▶ ACTIVITY
Exact transcription, pictures omitted: reproduce the listing below.
--- GIVEN MATERIAL ---
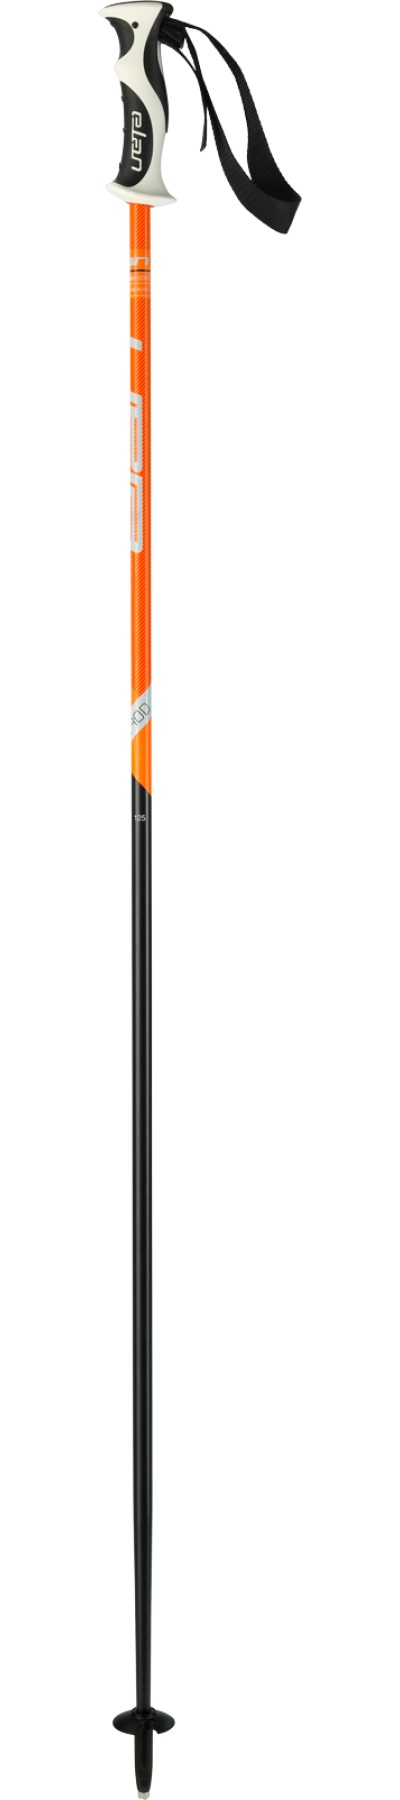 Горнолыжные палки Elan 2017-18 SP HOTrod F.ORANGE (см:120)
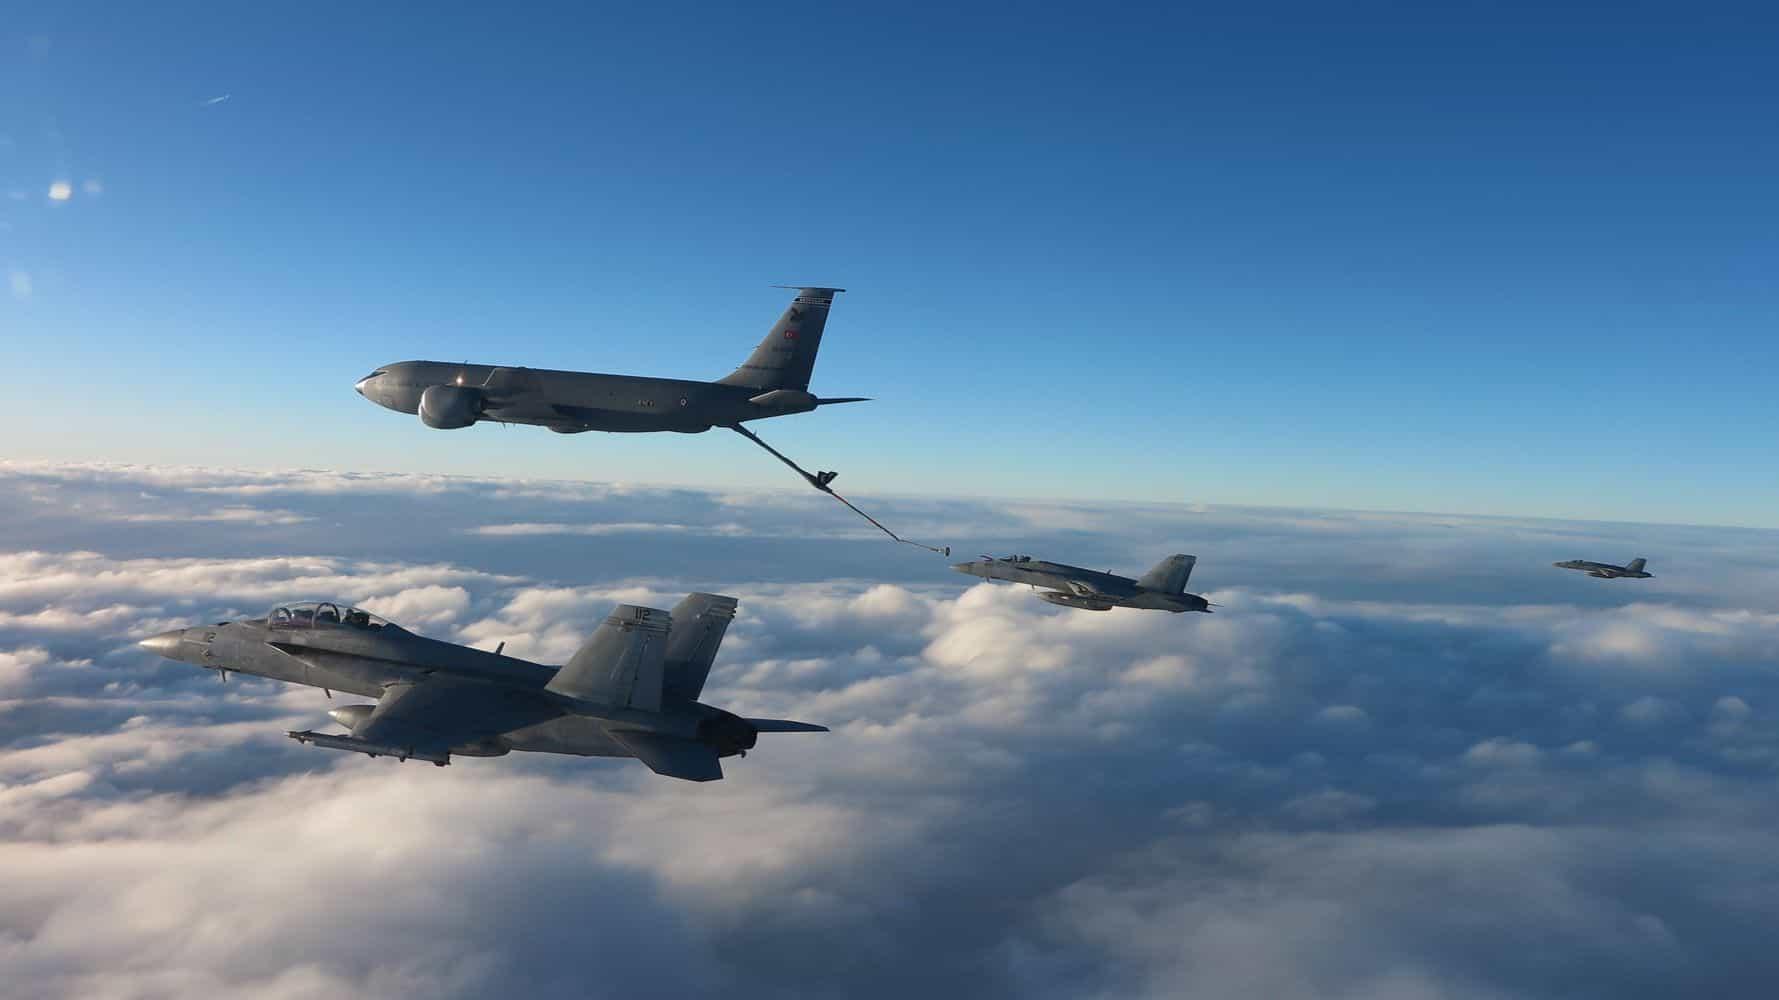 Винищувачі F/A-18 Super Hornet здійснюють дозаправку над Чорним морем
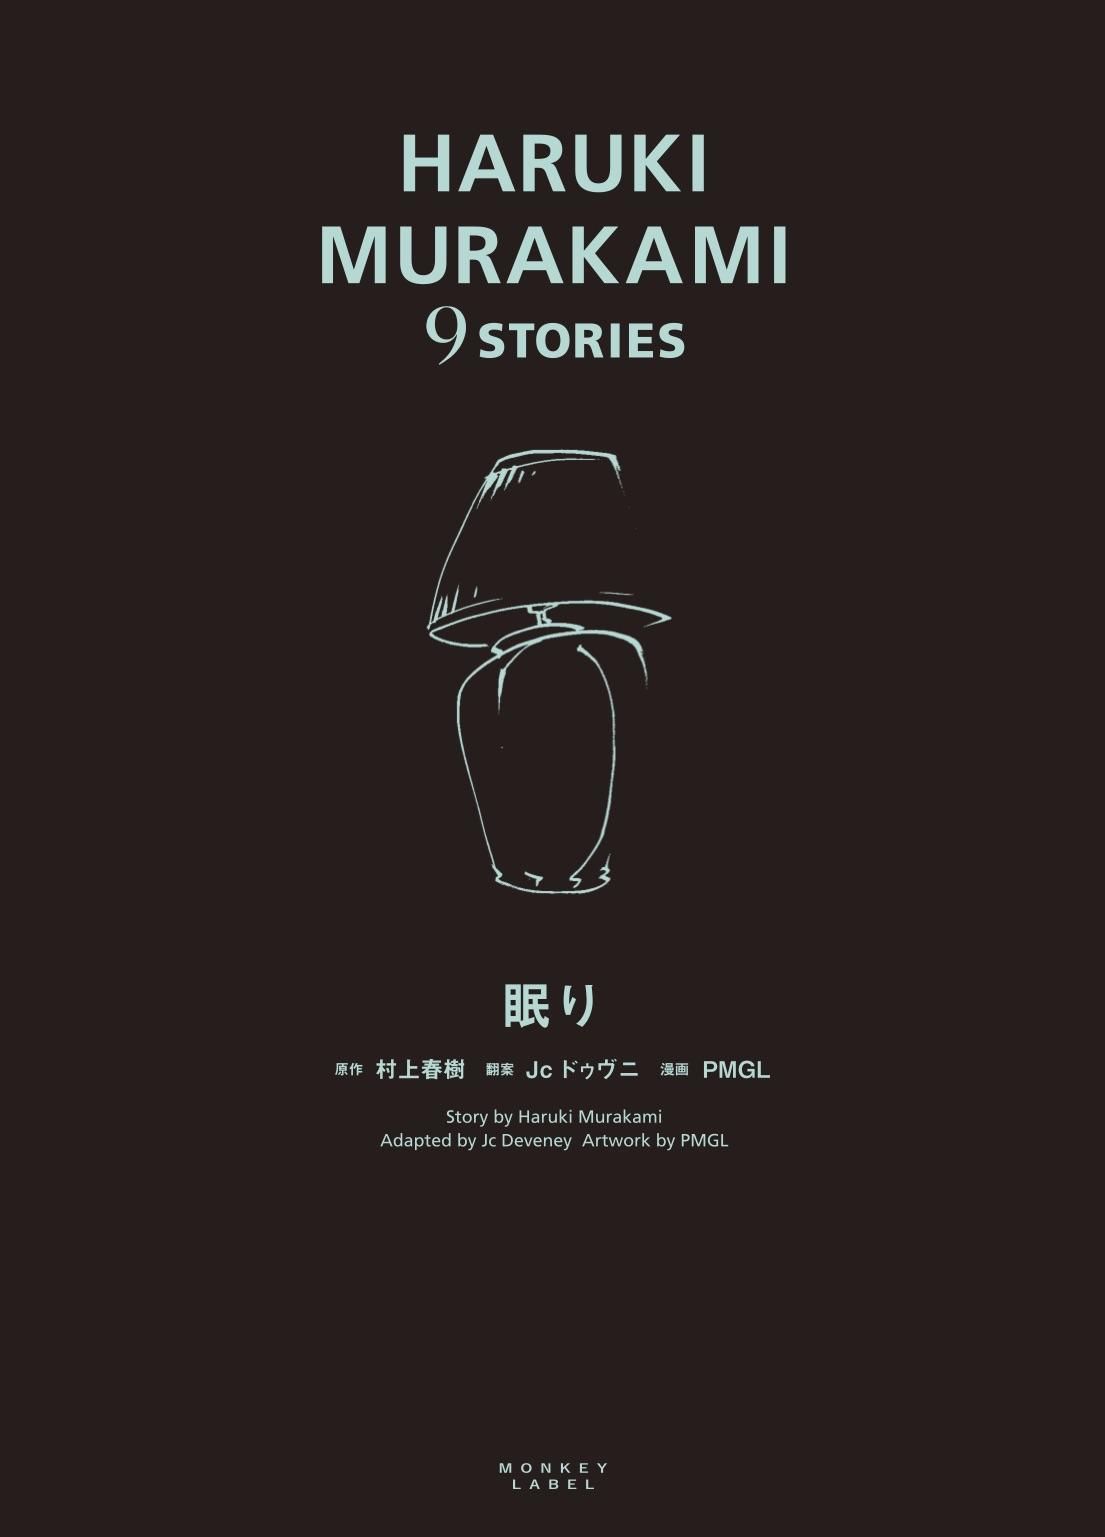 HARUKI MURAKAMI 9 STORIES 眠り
---
▶ ANSWER AREA
 Горнолыжные палки Elan 2017-18 SP HOTrod F.ORANGE (см:120)
 Винищувачі F/A-18 Super Hornet здійснюють дозаправку над Чорним морем
 HARUKI MURAKAMI 9 STORIES 眠り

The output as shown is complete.